PULLMAN – Tracy Claeys vowed not to make wholesale changes to Washington State’s defense when he was hired as Mike Leach’s new defensive coordinator back in January.
Eight months later, WSU’s identity on that side of the ball doesn’t look much different than it did a year ago, and neither are the numbers the defense has churned out through two games.
The Cougars, albeit having only seen two pedestrian Mountain West offenses to this point – Wyoming and San Jose State – rank third nationally in yards allowed per game (143.5), fifth in passing yards allowed (91 ypg) and tied for 13th in scoring defense (9.5 points per game allowed).
WSU’s “Speed D” mantra has outlasted the defensive coordinator who coined it, and Claeys has made an effort to retain the verbiage and terminology that was used under his predecessor, Alex Grinch, hoping it’ll eliminate confusion and reduce the learning curve that would typically come with a DC change.
While Claeys has left most things untouched, there has been one change.
Rather than watch games from the sideline, Claeys prefers to observe from the press box – and always has. Grinch, WSU’s DC from 2015-17, spent one year coordinating from the booth before moving to the field early on in the 2016 season. He remained there through the end of the 2017 season before accepting a position at Ohio State.
“Well … they have kind of a different style,” Leach said, comparing Grinch and Claeys. “I wanted Alex on the field because Alex was kind of the voice of the whole defense. I mean if they’re going to hear from Alex all week long, then I wanted them to hear it on Saturday.”

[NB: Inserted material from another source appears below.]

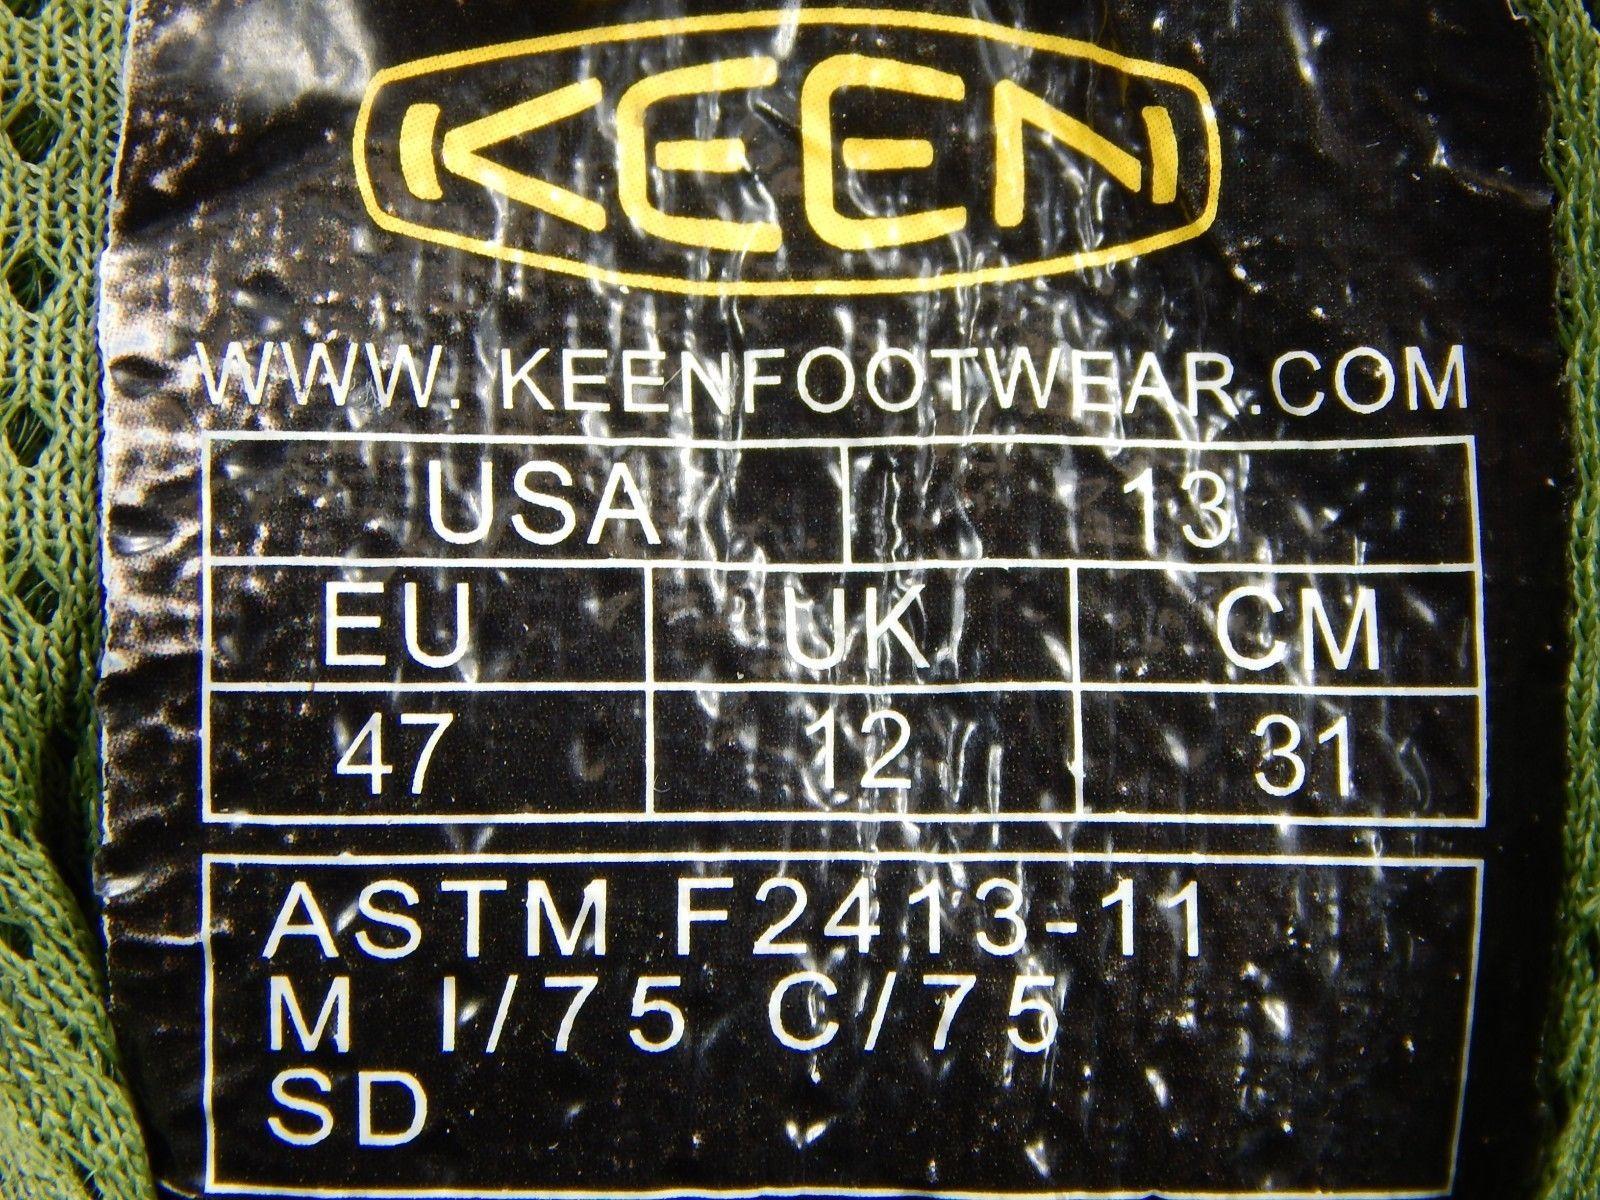 Keen Durham ESD Size 13 M EU 47 Aluminum Toe Slip Resist Men's Work Shoes

Claeys is more on the soft-spoken side and prefers to relay his coaching lessons to the position coaches in meeting rooms, then allow them to instruct players in practices and games. Unlike Grinch, who doubled as the Cougars’ secondary coach, Claeys also isn’t tied to a singular position group.
When the NCAA passed legislation allowing teams to hire a 10th assistant coach, the Cougars reworked their defensive staff and promoted Darcel McBath to coach cornerbacks. Now WSU has a single coach designated to each unit: defensive line, inside linebackers, outside linebackers, safeties and cornerbacks.
“Tracy kind of leaves it to the assistants,” Leach said. “Coordinates it in the board room and stuff like that. In other words, the assistant of each group is kind of the voice of them.”
“Because they coach those kids all week, so it doesn’t make any sense to me to have the guys that coach them all week go to the box, then have somebody else coach them on game day,” Claeys said. “So that’s another big reason.”
Claeys also thinks coaches tend to get wrapped up in the excitement and emotion of the game when they’re on the sideline. The booth provides a calmer atmosphere that can be more conducive for a coach as he’s processing everything that’s happening in a game.
“You get down on the field, and we’re all competitive if you coach,” Claeys said. “And you see a mistake or something like that, and you worry about correcting a mistake, and next thing you know, the offense is up on the line snapping the ball again. So by going up to the box, you remove yourself from that competitive part of it, and for me it helps me think two or three plays ahead, and what we’re going to do substitution-wise.”
Having a DC in the box versus having him on the sideline doesn’t seem to make a difference to players, who’ve always communicated with their position coaches on the sideline.
“I think the assistant coaches are communicating a little bit more, but last year was the same,” linebacker Jahad Woods said. “They were still talking a lot. So nothing really changed.”
“It might be new to the new guys that have never been around that, but he does a great job in the box telling the coaches what we need to do, and then our coaches translate it to us.” nickel Hunter Dale added.